If you instaled the Windows 7 in last, your boot loader is actually the Windows 7 Boot loader, because when you installed the win7, the Win7 it self had to create the boot loader so you could boot the XP also.
Even when you boot your computer and is giving you the XP as first choice is because the boot.ini is configured that way.
Before doing anything try this:
Go to your C drive and open the boot.ini(is hidden) (and its an boot loader) with the notepad and check if  both operating systems are showing there,if not than you can safely delete the xp Partition.
Hope that helps


----------



## ultimate7

canivari said:


> If you instaled the Windows 7 in last, your boot loader is actually the Windows 7 Boot loader, because when you installed the win7, the Win7 it self had to create the boot loader so you could boot the XP also.
> Even when you boot your computer and is giving you the XP as first choice is because the boot.ini is configured that way.
> Before doing anything try this:
> Go to your C drive and open the boot.ini(is hidden) (and its an boot loader) with the notepad and check if  both operating systems are showing there,if not than you can safely delete the xp Partition.
> Hope that helps


yes they are there so when i try to format the partition it doesn't work.
What I want to know is how to move the windows 7 boot loader that is on drive c where windows xp is installed to drive d where windows 7 is installed so I can delete the c partition and keep the space for windows 7.

Thank you


----------



## canivari

ultimate7 said:


> yes they are there so when i try to format the partition it doesn't work.
> What I want to know is how to move the windows 7 boot loader that is on drive c where windows xp is installed to drive d where windows 7 is installed so I can delete the c partition and keep the space for windows 7.
> 
> Thank you



You could try Partiion Magic for it,
The program lets you make those changes automatically (Marking the partition as active and create an boot loader for it (in this case for Windows 7).
Once you done that and tested if went ok, then you can delete the c:
One last thing, even if you manage to boot Windows 7 and delete the XP partition,you always gonna have your OS as Dthat is not a very good idea because of some programs that only work on C: drive) so, my opinion is create an backup of your stuff (put it in DVDs,or anothe HDD and formatt the machne so you can have your Windows in the C: drive as where was he supposed to be


----------



## SGC622

ok well since you dont have two separate drives i would download the windows 7 recovery disk which i found for you at http://neosmart.net/blog/2009/windows-7-system-repair-discs/ there you can download the torrent file and burn the windows 7 iso onto a dvd or cd whichever it calls for. then delete your D: partition and reformat to your liking, then pop in the windows 7 recovery cd you made and follow the repair prompts


----------



## ultimate7

canivari said:


> You could try Partiion Magic for it,
> The program lets you make those changes automatically (Marking the partition as active and create an boot loader for it (in this case for Windows 7).
> Once you done that and tested if went ok, then you can delete the c:
> One last thing, even if you manage to boot Windows 7 and delete the XP partition,you always gonna have your OS as Dthat is not a very good idea because of some programs that only work on C: drive) so, my opinion is create an backup of your stuff (put it in DVDs,or anothe HDD and formatt the machne so you can have your Windows in the C: drive as where was he supposed to be


How do i get partition magic for windows 7?
already tried and it says no compatible with this version of windows.
So if i could get partition magic i would make d active and install the boot loader then format c and restore from a backup?

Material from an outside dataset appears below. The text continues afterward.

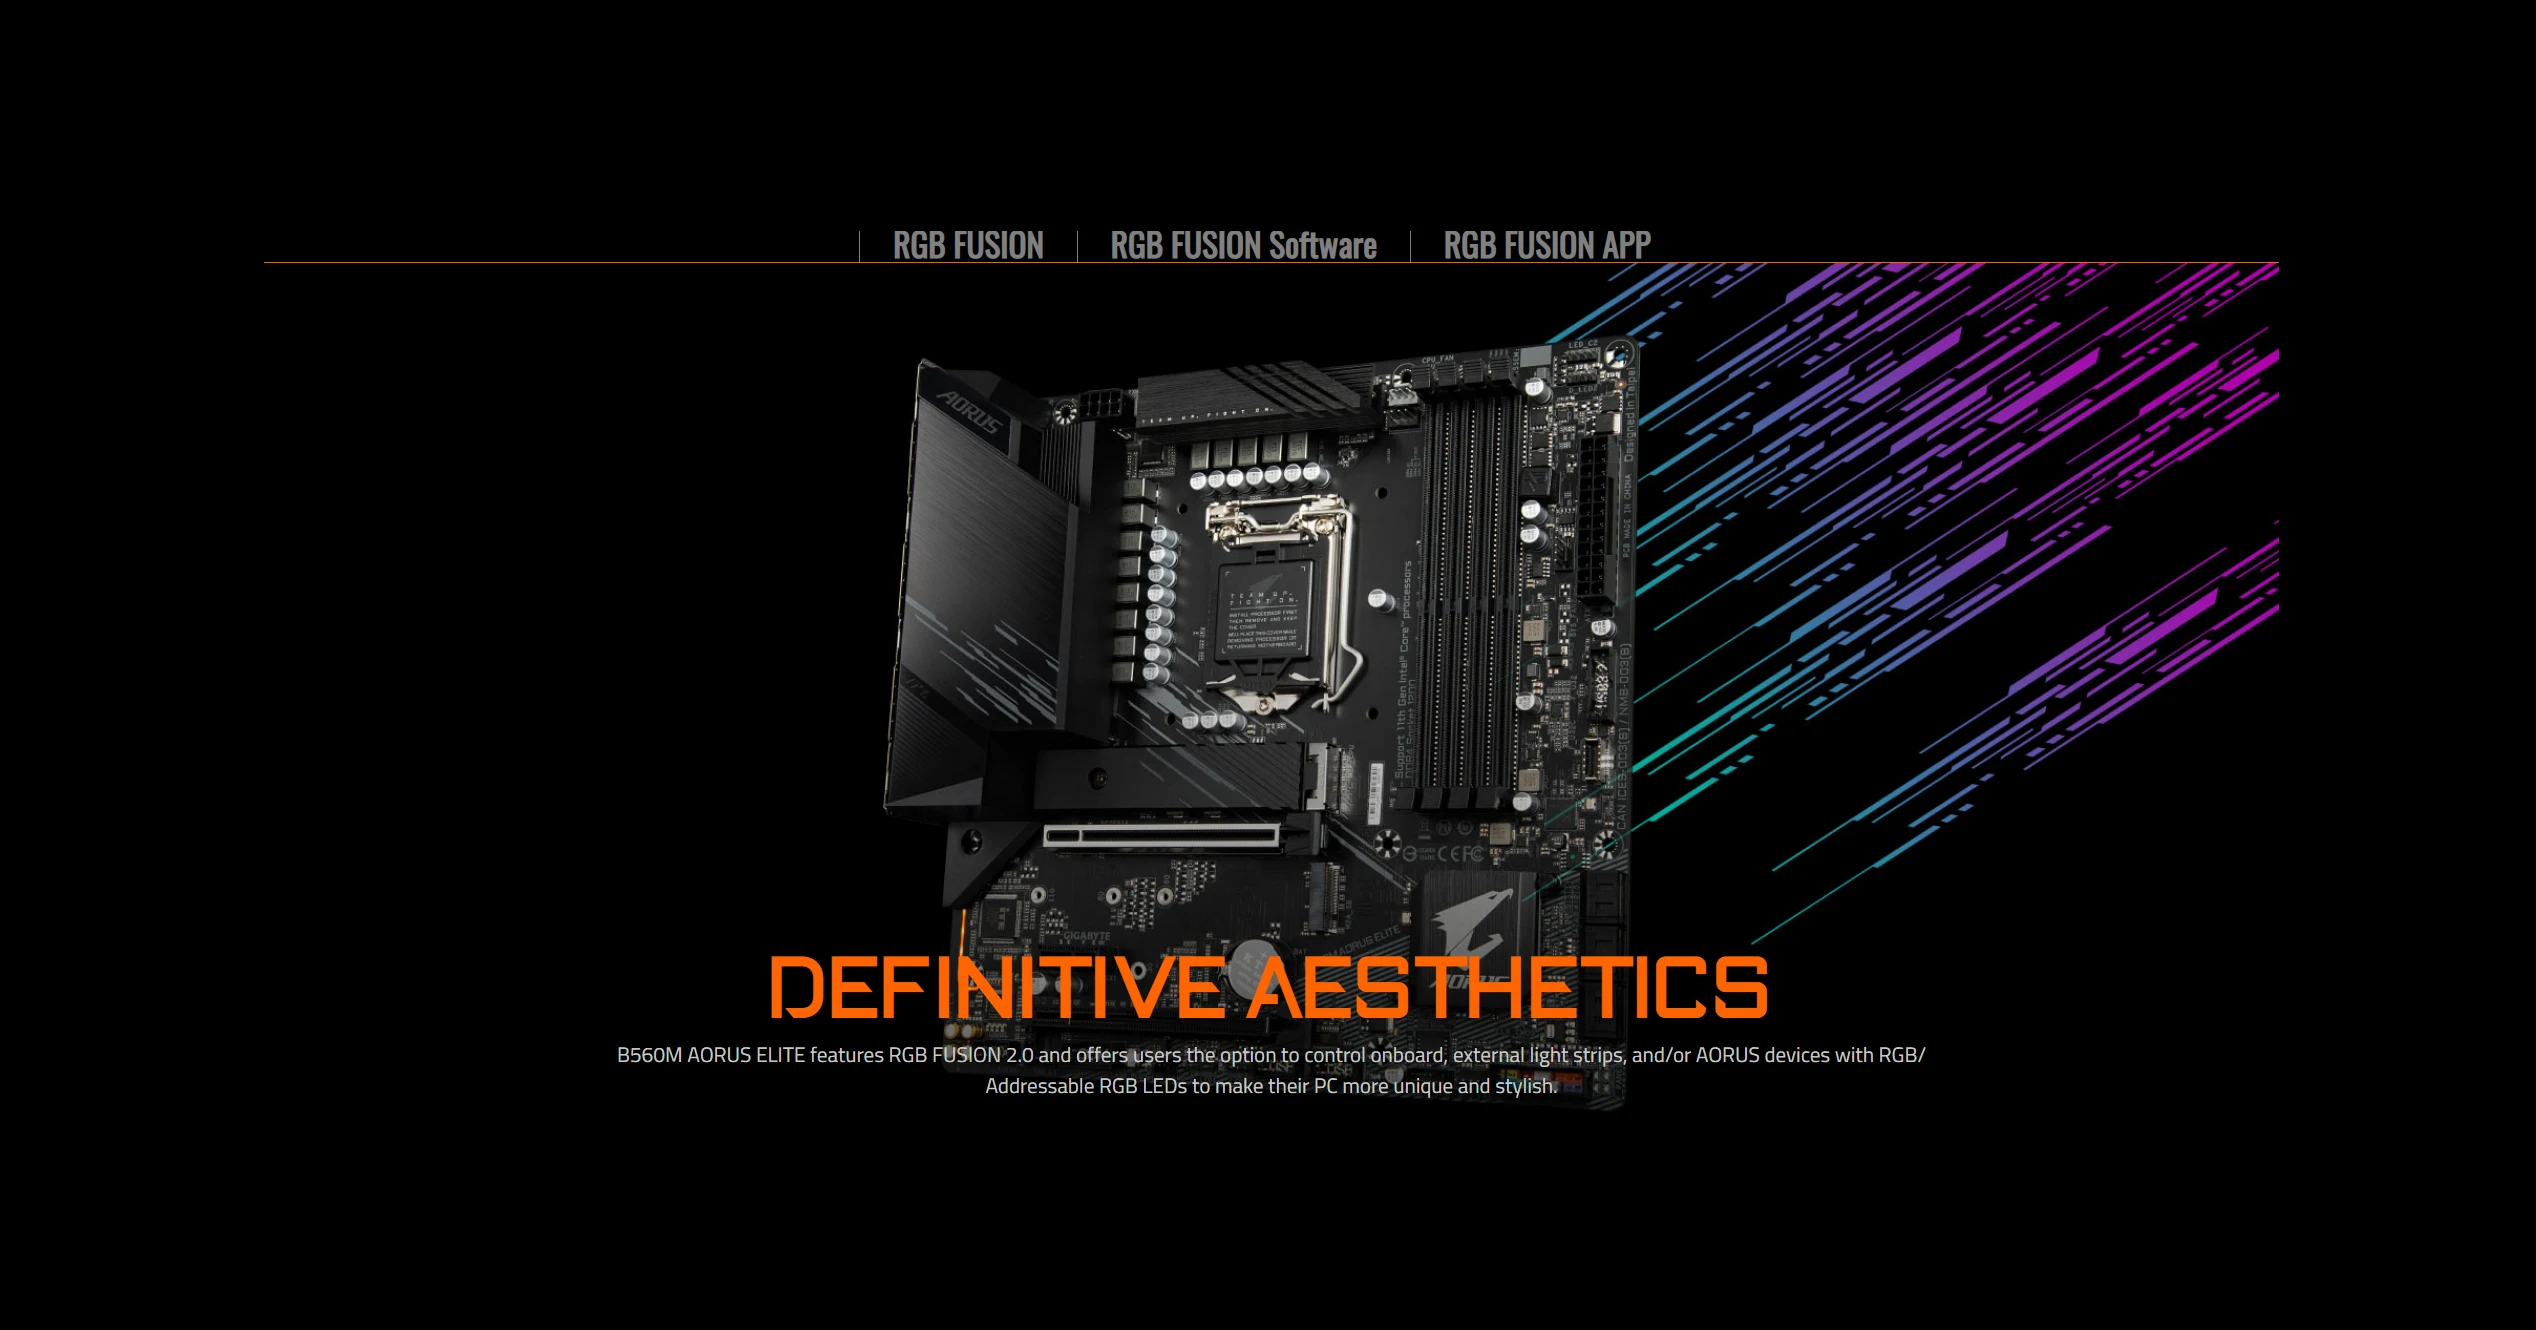 Intel Core i5 11400F CPU +GA B560M AORUS ELITE Motherboard Suit No integrated graphics card LGA 1200 New but without coole cheapest motherboard for pc

I need the partition magic for windows 7 link first.
Once i have this i will try this.

Thank you for all the time your giving to me


----------



## canivari

Yes, probably isnt any version for 7 yet,
So you can try ****** Partition Master.
He lets create boot loaders on Win7 (for sure this one..)


----------



## canivari

i just find out where you can deal with the boot loader on Windows 7:
Go to Start and run:
cmd
enter
BCDEDIT.exe
enter
This is your boot laoder
if you put soething like:
BCDEDIT.exe /? and hit enter
fe gives the options so you can manage the boot loader of 7 from there.
Hope that helps


----------



## ultimate7

canivari said:


> i just find out where you can deal with the boot loader on Windows 7:
> Go to Start and run:
> cmd
> enter
> BCDEDIT.exe
> enter
> This is your boot laoder
> if you put soething like:
> BCDEDIT.exe /? and hit enter
> fe gives the options so you can manage the boot loader of 7 from there.
> Hope that helps


I think i will use the manual way.

What commands should I use in my case?

One thousand of thanks.
Your help is very appreciated!


----------



## canivari

ultimate7 said:


> I think i will use the manual way.
> 
> What commands should I use in my case?
> 
> One thousand of thanks.
> Your help is very appreciated!



When you press BCDEDIT.exe and hit enter what device path gives you?
C:/ or D:/ under the boot loader?


----------



## ultimate7

canivari said:


> When you press BCDEDIT.exe and hit enter what device path gives you?
> C:/ or D:/ under the boot loader?


D:\Windows\system32\bcdedit

please note that I already tried other guides saying something like store export {bootmgr}

Just need to move everthing that concern the bootloader to my d drive.


----------



## canivari

ultimate7 said:


> D:\Windows\system32\bcdedit
> 
> please note that I already tried other guides saying something like store export {bootmgr}
> 
> Just need to move everthing that concern the bootloader to my d drive.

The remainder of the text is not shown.